William Thomas Carter, "Flint" to his friends, is an artist and author born in 1947 in Danville, Illinois.
After attending Danville High School, he served in Panama during the Vietnam conflict at the Latin American Headquarters Post. He received the National Defense and Good Conduct medals.
Returning home, Flint attended Danville Junior College and later Southern Illinois University. Special interest in the design department, headed by Buckminster Fuller, inspired the building of Arizona's first solar heated and cooled museum.
The Dixie Auto Parts Clean Up in Danville, spearheaded by Flint Carter set a precedence which lead to the dredging of the Hudson River to remove PCBs- a dredging operation costing $50,000,000 - larger than the entire gold rush of 1849.
Also, having secured placement for various historical pieces in museums nationwide, William Thomas Carter was instrumental in returning the war bonnet of Tasin, son of Cochise, to the Apaches at Fort Still, Oklahoma.
In the early 1970's, after Flint moved to Southern Arizona, he was introduced to the legend of the Iron Door Mine, by Burton Holly, the man who built Hollywood. Over those years, Flint acquired thousands of acres of land mining claims in the area and has maintained some of the largest operating mines in the mountains.
While in Arizona, Ted DeGrazia, whose work is well known in the commercial art world, was a mentor and friend. He was the inspiration for the outdoor theater "The Stage in the Sun," named in honor of DeGrazia's Gallery In The Sun In 1988, "The Oracale Historian" published "The Story of Gold," a short story, followed by "The Legend," a brochure produced by SaddleBrooke Development Corp.
At present, an accredited archeological discovery of a lost city involved in the Iron Door Mine legend is being documented for film and literary purposes.
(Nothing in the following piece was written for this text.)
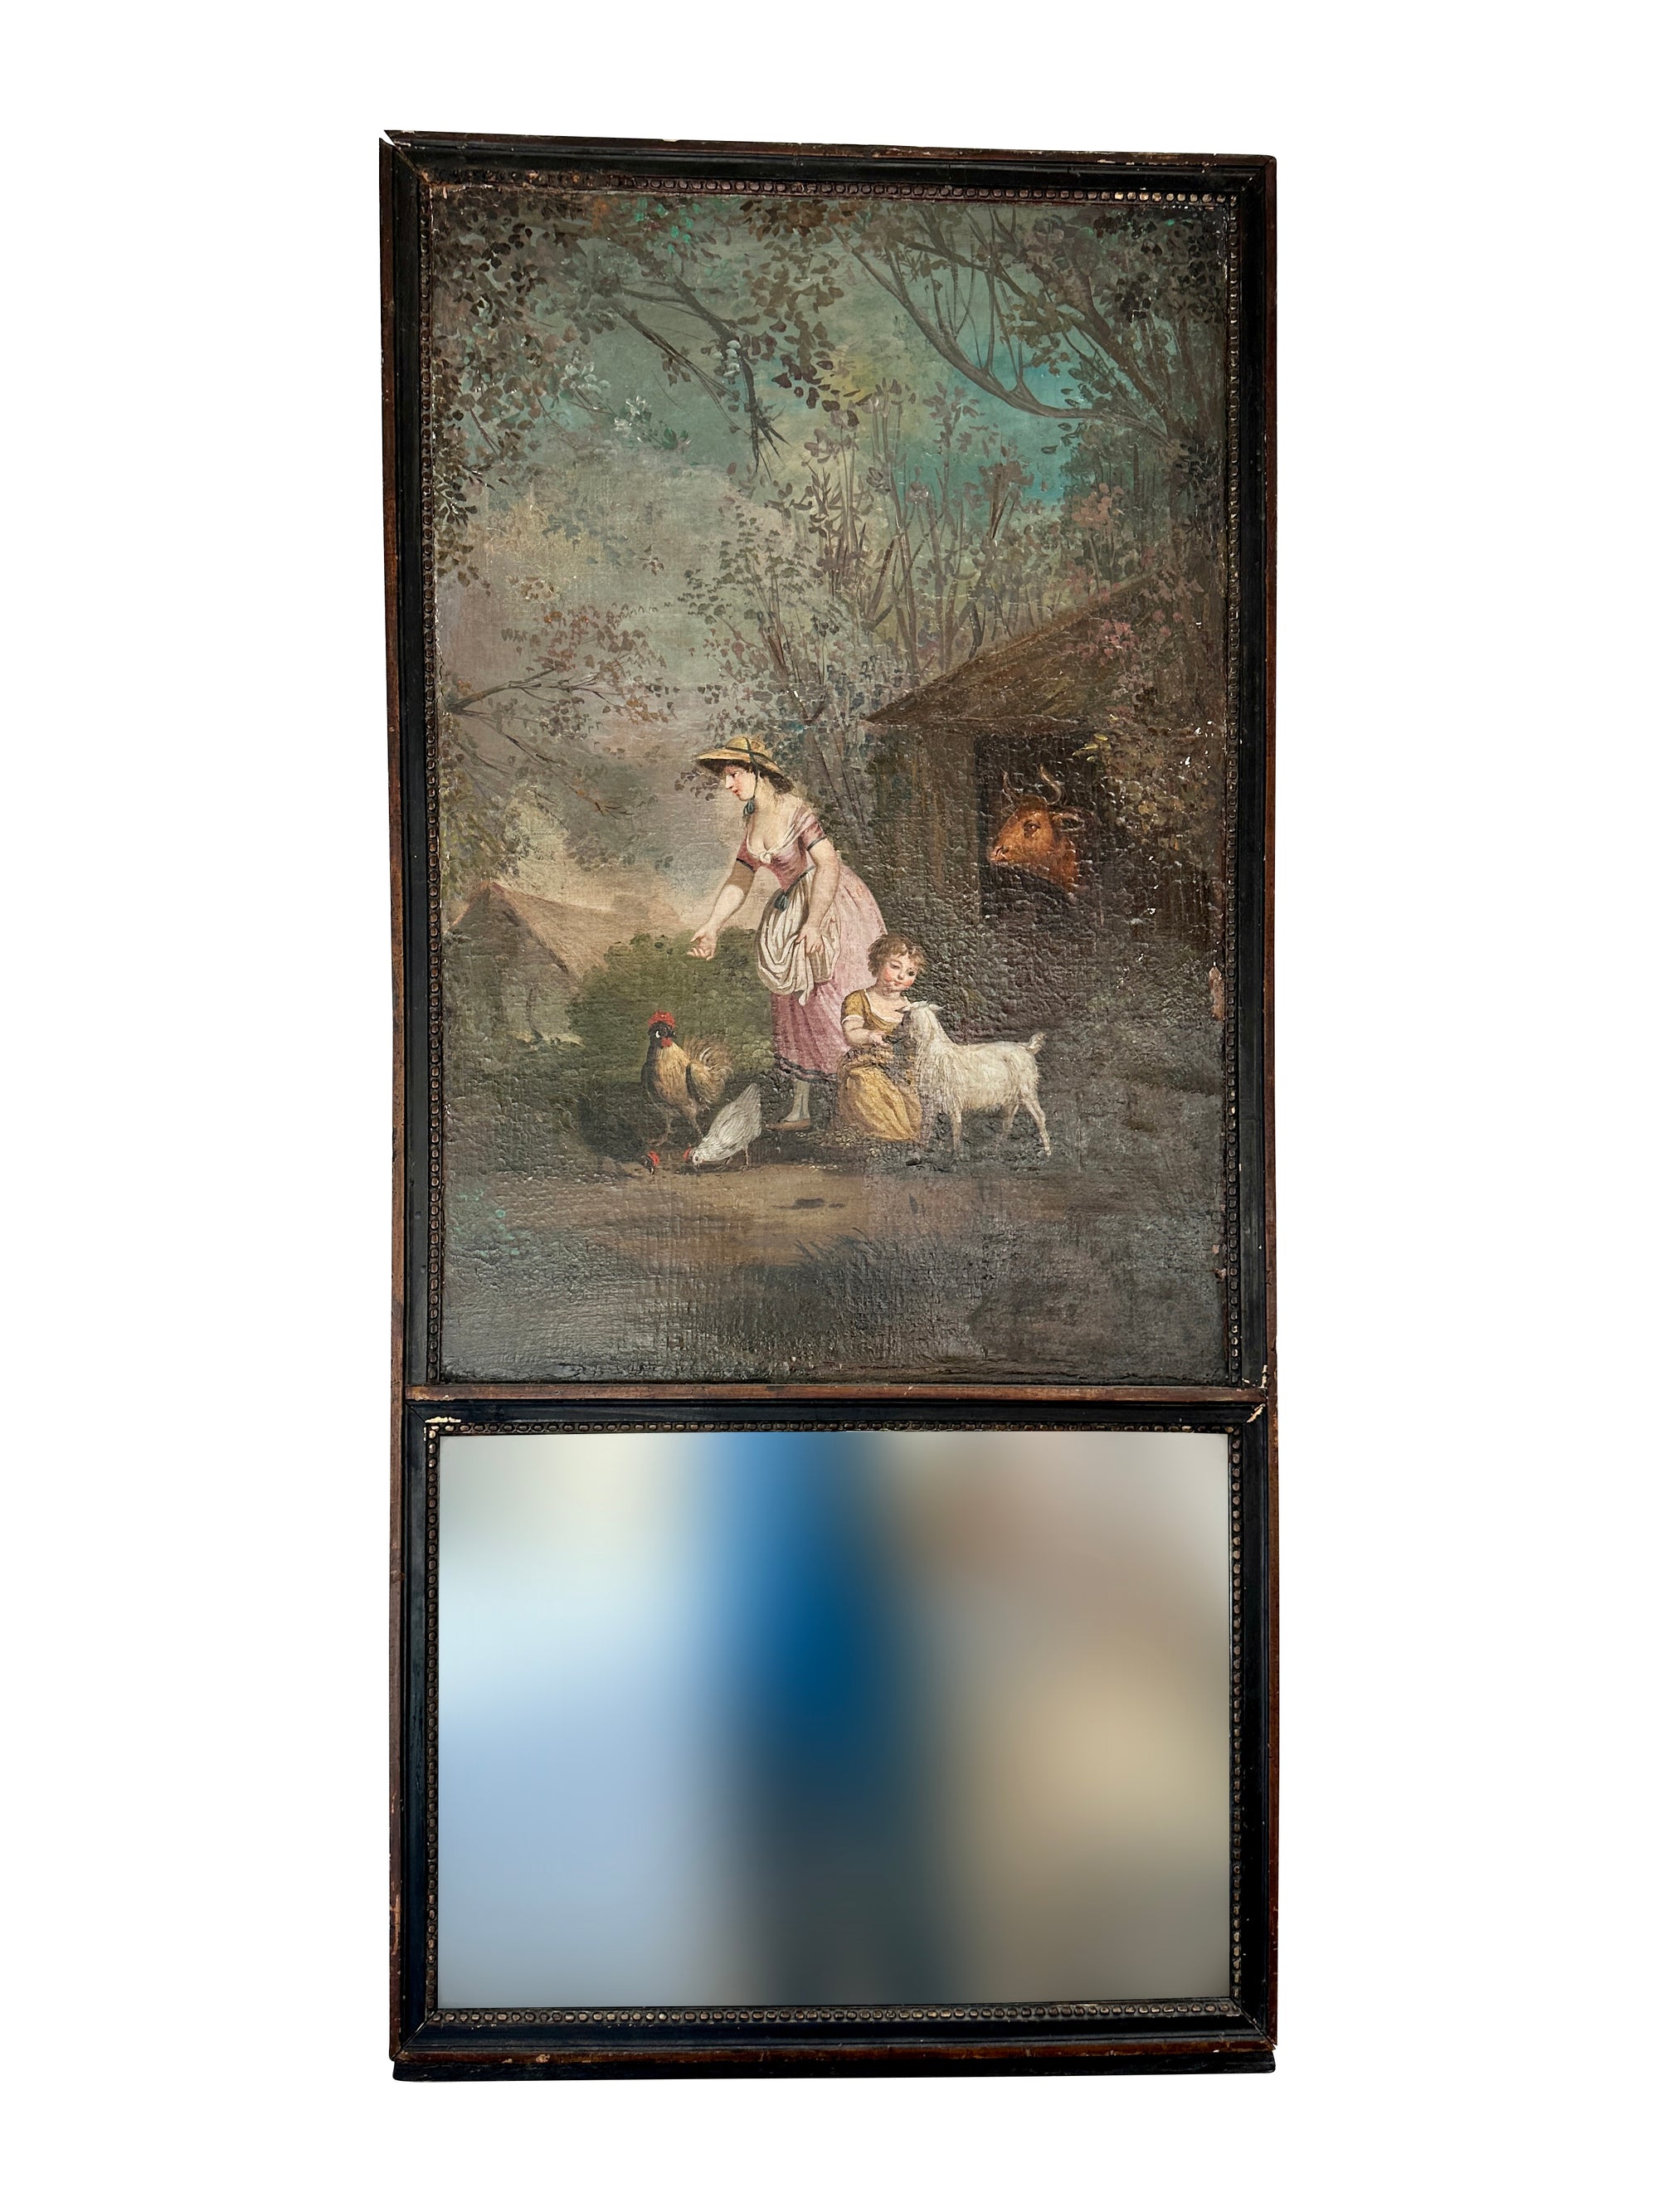 French Trumeau Mirror with Pastoral Scene, c. 1790

In 1995, a special collection of minerals, prehistoric and historic artifacts, art, jewelry and related memorabilia from Arizona's Canyon of Gold, Canada del Oro, was shown at the Tucson Gem and Mineral Show at the TCC. The collection has premiered in the lobby entranceway of the Tucson Convention Center.
This collection was shown for five years. Environmental accomplishments include a solar stucco design and a multi-million dollar industrial toxic site clean up.
W. T. “Flint” Carter is a rare prospector who mines precious stones in Tucson, cuts polishes and fabricaties them into fine jewelry and art. All of Flint's creations are mined from Mt. Lemmon and the surrounding Santa Catalina Mountains in Southern Arizona near Tucson, Arizona.
Carter has staked mining claims throughout the Cañada del Oro and the Santa Catalina Mountains since he arrived in the early 1970s. While living north of Tucson, Carter was introduced to the legend of the Iron Door Mine by Burton Holly, the man who helped build Hollywood. Carter researched the history and mining of the Cañada del Oro (Canyon of Gold), located north of Tucson, Arizona, and explored the legends of the Mine with the Iron Door.
With a large collection of high grade ore accumulated over the decades from the Catalinas, Carter has fashioned raw stones into dozens of unique artistic creations- jewelry, polished stones and desert rock art, or Flint Rock, named after its designer. One of his most popular collection is the Cody Stone, named in honor of William "Buffalo Bill" Cody who owned the High Jinks gold mine near Oracle, Arizona. Mining in Oracle and Tucson, AZ is one of Flint's specialties.
Flint is available to speak to groups about the Old West, Southwestern legends, the Iron Door Mine, mining and other subjects. Almost of of his specimens, jewelry or art work, found throughout these pages, are available for sale.
W. T. Flint Carter is a problem solving design consultant specializing in mining and environmental reclamation, CEO of Celebrity Stones, curator of the Mine with the Iron Door Museum, director of the Santa Catalina Historic Preservation, executive consultant of the 3C Ranch and Oracle Inn in Oracle, Arizona.